Operating through 128 Company-operated treatment centers, Greenbrook is a leading provider of TMS therapy, an FDA-cleared, non-invasive therapy for the treatment of Major Depressive Disorder and other mental health disorders, in the United States. TMS therapy provides local electromagnetic stimulation to specific brain regions known to be directly associated with mood regulation. Greenbrook has provided more than 620,000 TMS treatments to over 17,000 patients struggling with depression.
Certain information in this press release, including with respect to the anticipated Offering, the listing of the Common Shares to be issued in the Offering on the TSX and NASDAQ, and the anticipated use of the net proceeds of the Offering, constitutes forward-looking information within the meaning of applicable securities laws in Canada and the United States, including the United States Private Securities Litigation Reform Act of 1995. In some cases, but not necessarily in all cases, forward-looking information can be identified by the use of forward-looking terminology such as “plans”, “targets”, “expects” or “does not expect”, “is expected”, “an opportunity exists”, “is positioned”, “estimates”, “intends”, “assumes”, “anticipates” or “does not anticipate” or “believes”, or variations of such words and phrases or state that certain actions, events or results “may”, “could”, “would”, “might”, “will” or “will be taken”, “occur” or “be achieved”. In addition, any statements that refer to expectations, projections or other characterizations of future events or circumstances contain forward-looking information.
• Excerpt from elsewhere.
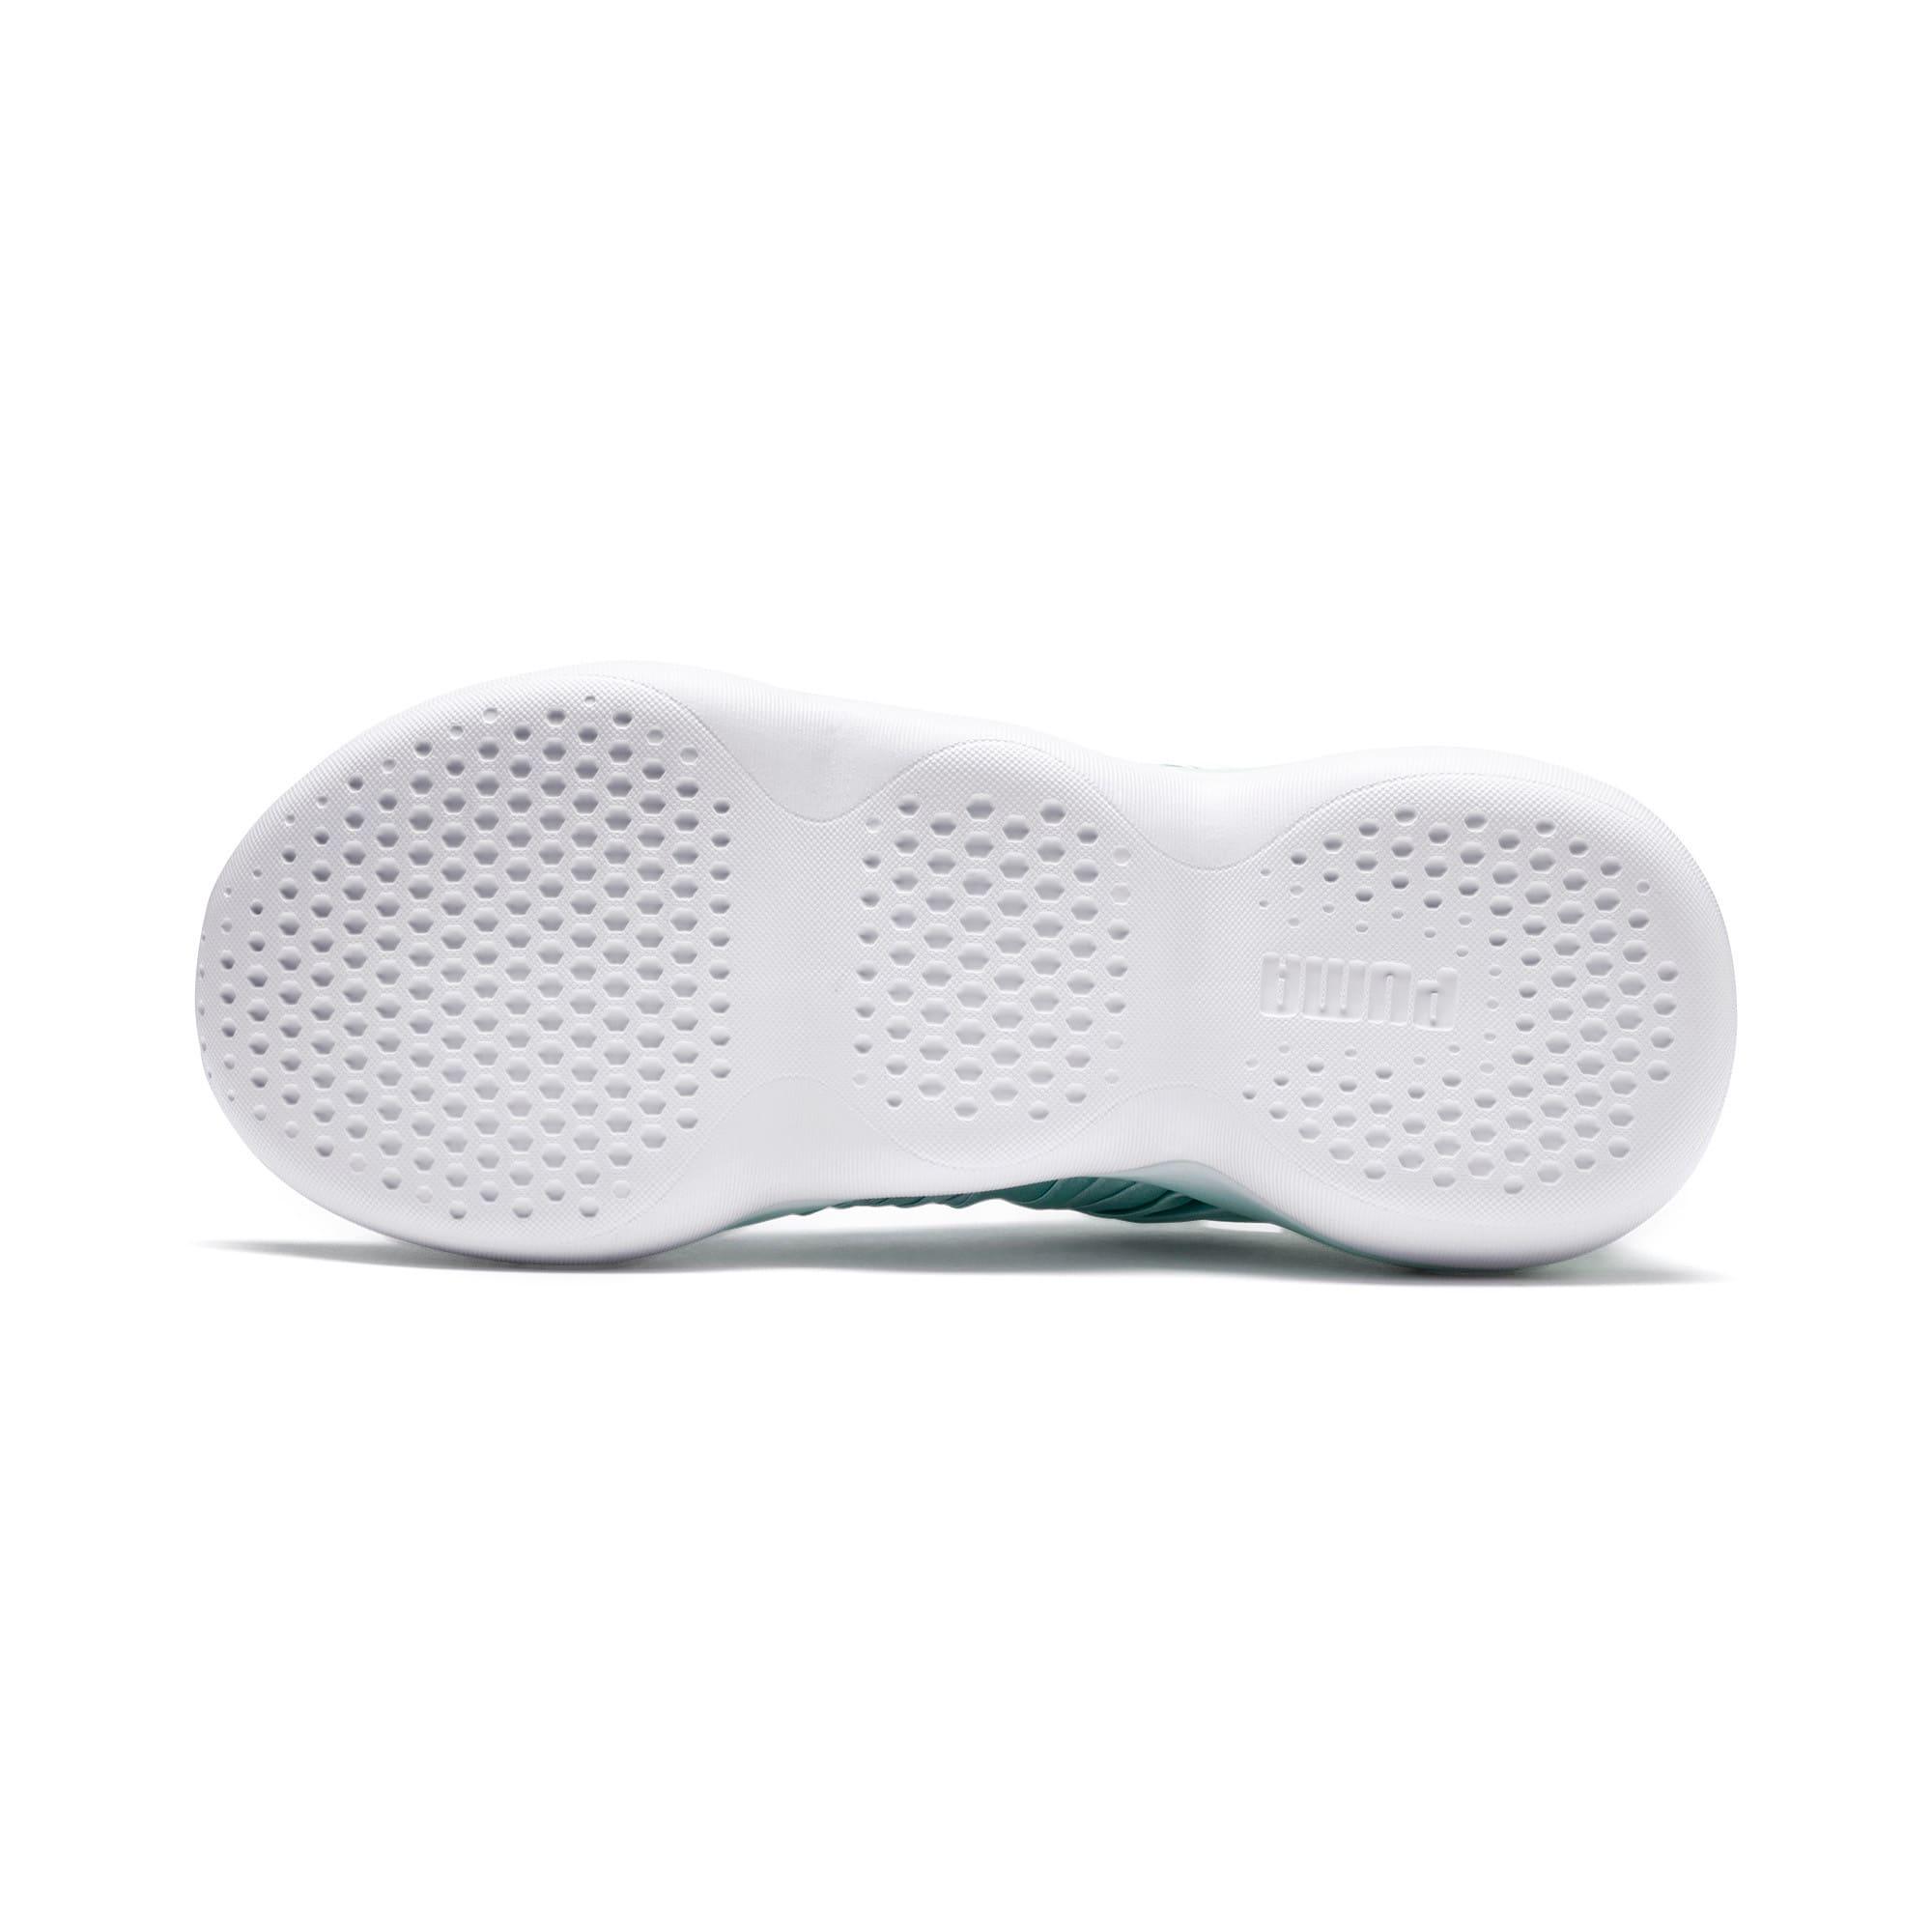 Thumbnail 3 of Flourish Cosmic Women's Training Shoes, Fair Aqua-Puma White, medium

Statements containing forward-looking information are not historical facts but instead represent management’s expectations, estimates and projections regarding future events.
Forward-looking information is necessarily based on a number of opinions, assumptions and estimates that, while considered reasonable by the Company as of the date of this press release, are subject to known and unknown risks, uncertainties, assumptions and other factors that may cause the actual results, level of activity, performance or achievements to be materially different from those expressed or implied by such forward-looking information, including but not limited to the factors described in greater detail in the “Risk Factors” section of the Company’s current annual information form and in the Company’s other materials filed with the Canadian securities regulatory authorities and the SEC from time to time, available at www.sedar.com and www.sec.gov, respectively. These factors are not intended to represent a complete list of the factors that could affect the Company; however, these factors should be considered carefully. There can be no assurance that such estimates and assumptions will prove to be correct. The forward-looking statements contained in this press release are made as of the date of this press release, and the Company expressly disclaims any obligation to update or alter statements containing any forward-looking information, or the factors or assumptions underlying them, whether as a result of new information, future events or otherwise, except as required by law.